The UPSTSF’s decision to recommend an earlier start age for routine mammography was partly intended to begin to address the fact that Black women are about 40% more likely to die from breast cancer than are White women.
“Despite greater absolute benefits of screening for Black women, the modeling study and systematic review underscore that mammography’s benefits (ie, breast cancer deaths averted) are modest for both Black women and the general population,” Elmore and Lee wrote.
The editorialists also cautioned against adopting artificial intelligence (AI) support tools too rapidly, criticizing the USPSTF for overlooking this “pressing issue.”
“While AI algorithms show promise for enhancing cancer detection, their impact on patient outcomes and the balance between benefit and harms remain uncertain,” Elmore and Lee wrote.
In a third JAMA editorial, Wendie A. Berg, MD, PhD, a radiologist at the University of Pittsburgh, Pennsylvania, argued that though the updated recommendations are “an important step forward,” they don’t go far enough.
Berg, for instance, noted her surprise ” to see the USPSTF recommendation only for biennial, rather than annual, screening among women aged 40 to 74 years.”
Compared with no screening, annual screening would reduce rates of breast cancer mortality (35.2%) more than biennial (28.4%) screening does among women aged 40-74 years, according to the CISNET modeling that informed the USPSTF’s decision.
Plus, Berg noted, regular risk assessments should begin at age 25 years “to identify women at high risk who should start annual MRI screenings.”

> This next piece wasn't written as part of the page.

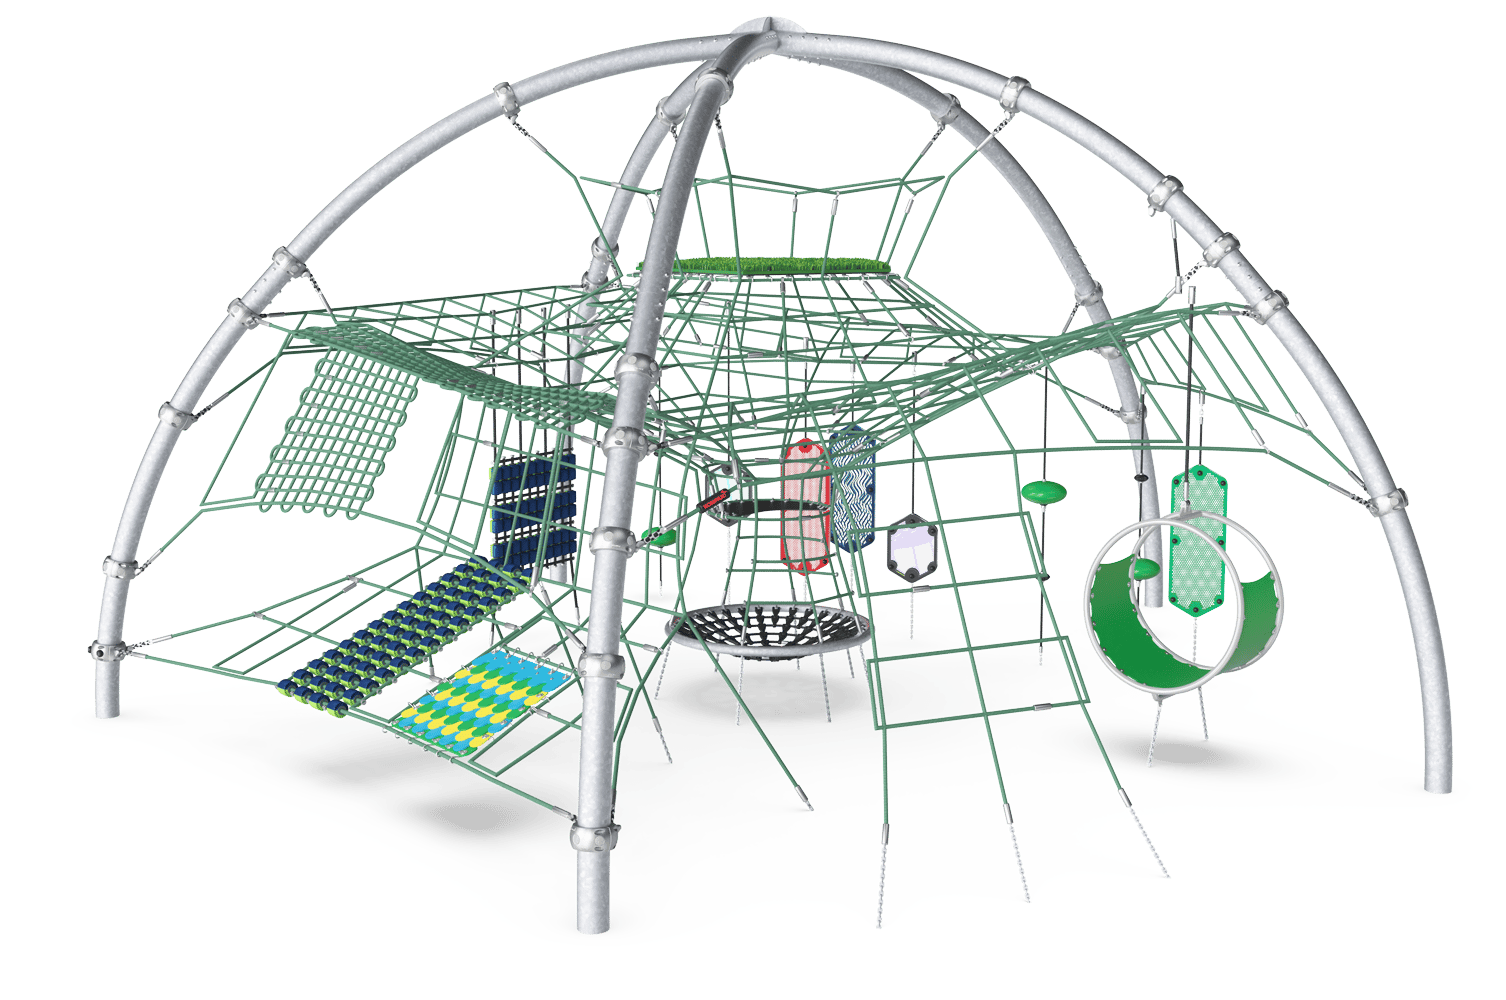 Sensory Dome

The American College of Radiology (ACR) offered similar views in a statement, saying the recommendations “do not go far enough to save more women’s lives.” It urged a more aggressive screening schedule, which starts at age 40 years but occurs annually vs biennially and continues past age 74 years. Like Berg, the ACR advocated for breast cancer risk assessments to begin at age 25 years.

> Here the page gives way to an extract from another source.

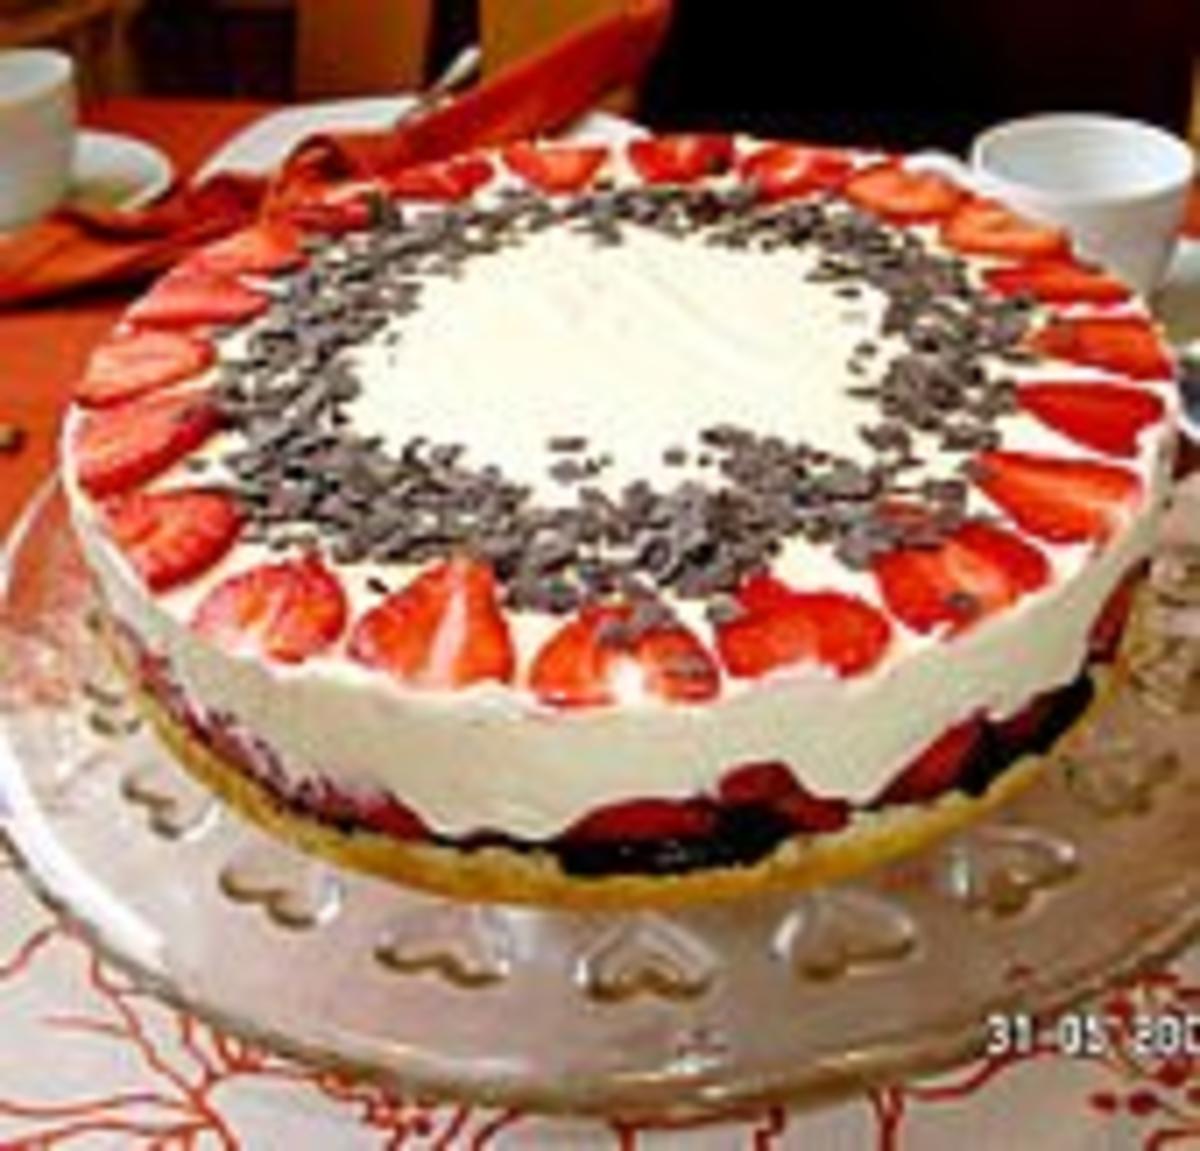 Erdbeer-Mascarpone-Torte - Rezept - Bild Nr. 3

The American Cancer Society also recommended annual mammography screening, starting as early as age 40 years in average-risk women, with high-risk women receiving a breast MRI and a mammogram every year starting at age 30 years.
Ongoing Uncertainties
The USPSTF’s 2024 update highlighted persistent evidence gaps in several key areas.
The USPSTF, for instance, highlighted insufficient evidence on the benefits and harms of using digital breast tomosynthesis vs standard mammography for primary screening, the benefits and harms of continuing to screen women who are 75 years or older as well as the benefits and harms of supplemental screening with breast ultrasonography, digital breast tomosynthesis, or MRI in women with dense breasts who had a negative screening mammogram.
In the update, USPSTF also noted that it’s still clear what proportion of ductal carcinoma in situ involves lesions detected by screening would not have ultimately caused harm.
For women with dense breasts, the USPSTF said that “research is needed to help clinicians and patients understand the best strategy for breast cancer screening in women found to have dense breasts,” which includes supplemental screening.
Women with dense breasts should still get mammograms, but there is not enough evidence for a blanket statement about which benefit they might get from additional screening, Carol Mangione, MD, past chair of USPSTF, told Medscape Medical News.
“We don’t want to send a message that the mammogram doesn’t have value in that group, because it does have high value,” said Mangione, also chief of the division of general internal medicine and health services research at UCLA Health.
Women with dense breasts should work with primary care clinicians who can take a holistic view of their preferences and needs, allowing them to make an informed choice about additional screening, she said.
“But we can’t make a global population choice because we don’t have the studies to do that,” Mangione said.
Kerry Dooley Young is a freelance journalist based in Washington, DC.